### TASK GOAL
Write out again, exactly, the lines below starting at the one with "Meatball set emotion" and ending at the one with "Nicole Miller Quilted".

### INFORMATION SHOWN
----

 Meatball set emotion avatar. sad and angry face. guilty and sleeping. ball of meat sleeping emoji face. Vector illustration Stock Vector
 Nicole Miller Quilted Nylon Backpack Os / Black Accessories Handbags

----

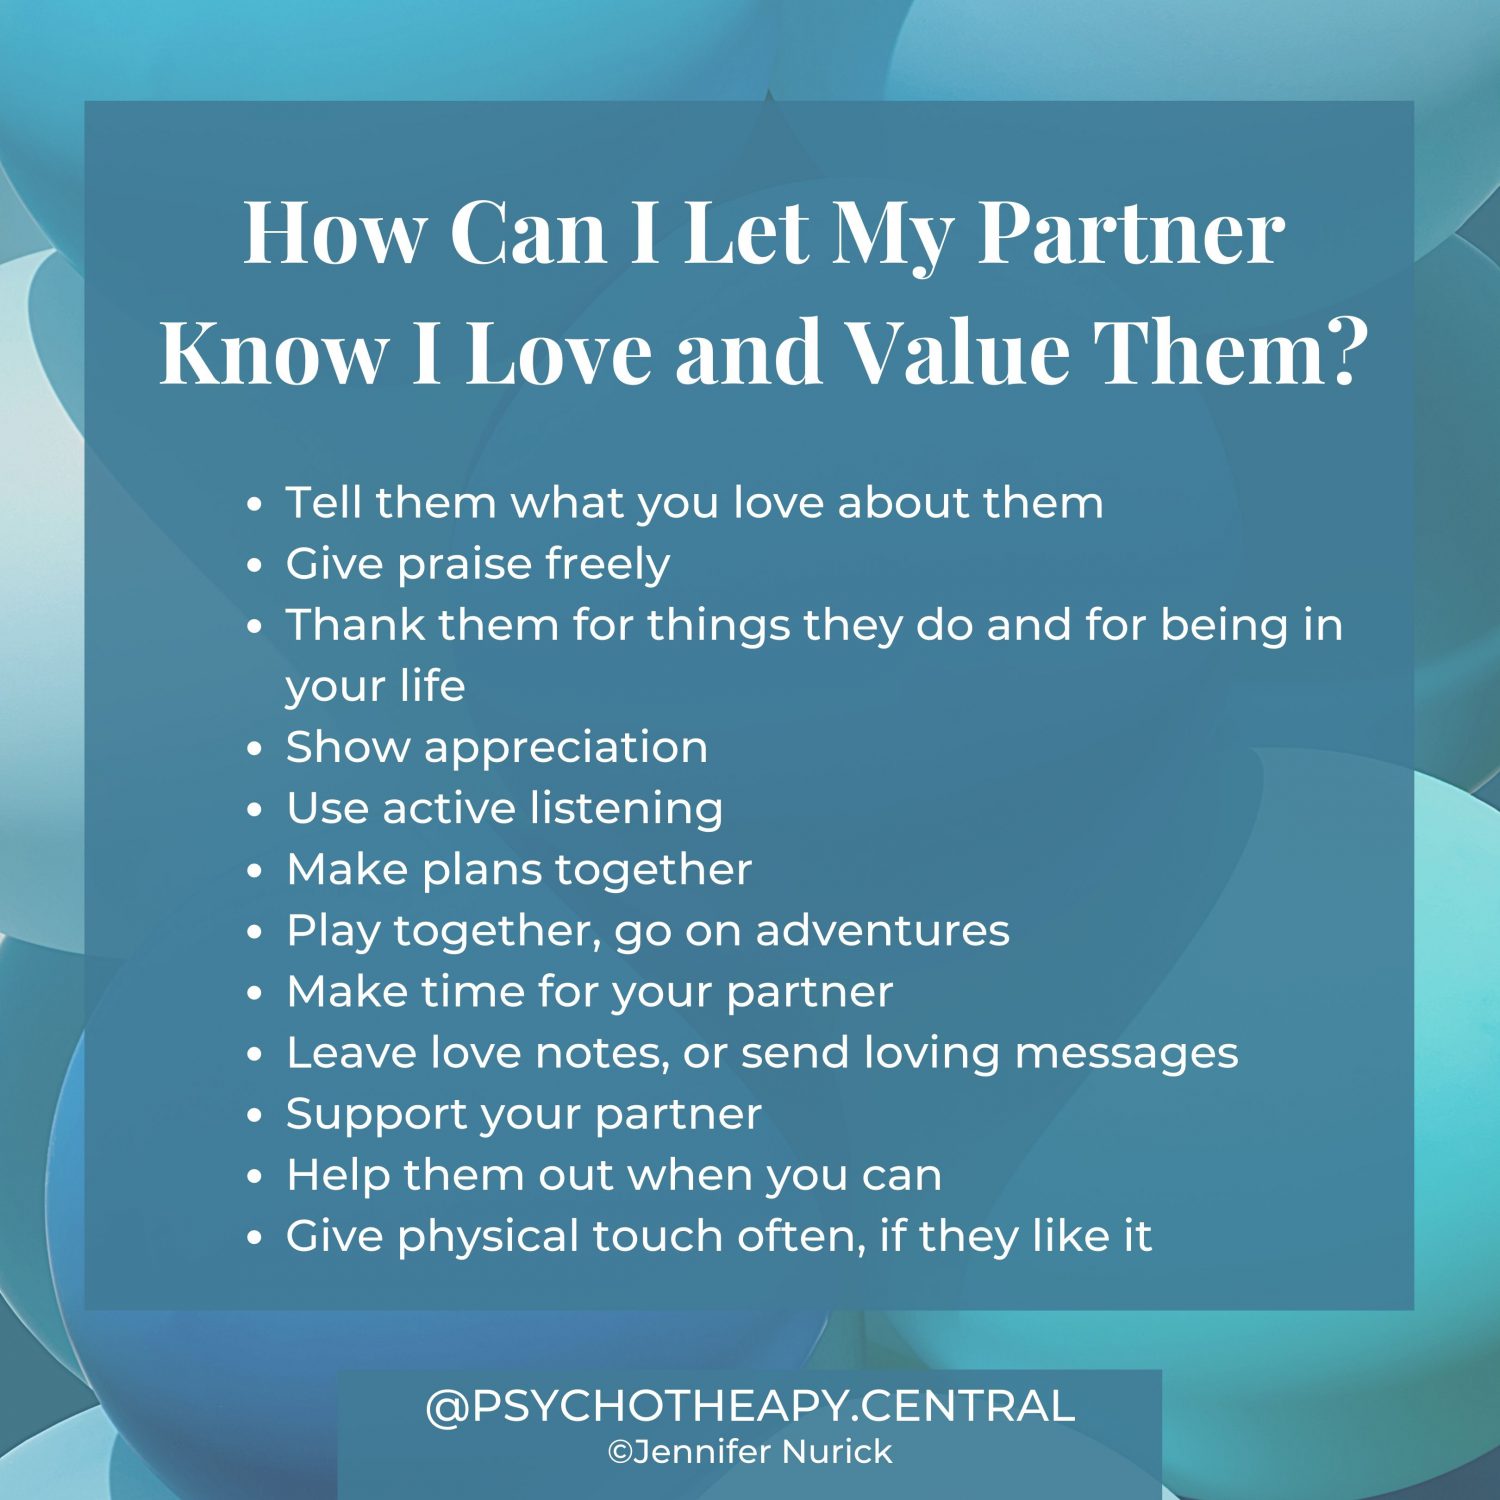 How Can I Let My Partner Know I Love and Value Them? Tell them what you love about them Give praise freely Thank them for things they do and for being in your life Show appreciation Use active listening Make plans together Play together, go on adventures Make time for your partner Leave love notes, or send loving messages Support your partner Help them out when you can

----

### YOUR SOLUTION
 Meatball set emotion avatar. sad and angry face. guilty and sleeping. ball of meat sleeping emoji face. Vector illustration Stock Vector
 Nicole Miller Quilted Nylon Backpack Os / Black Accessories Handbags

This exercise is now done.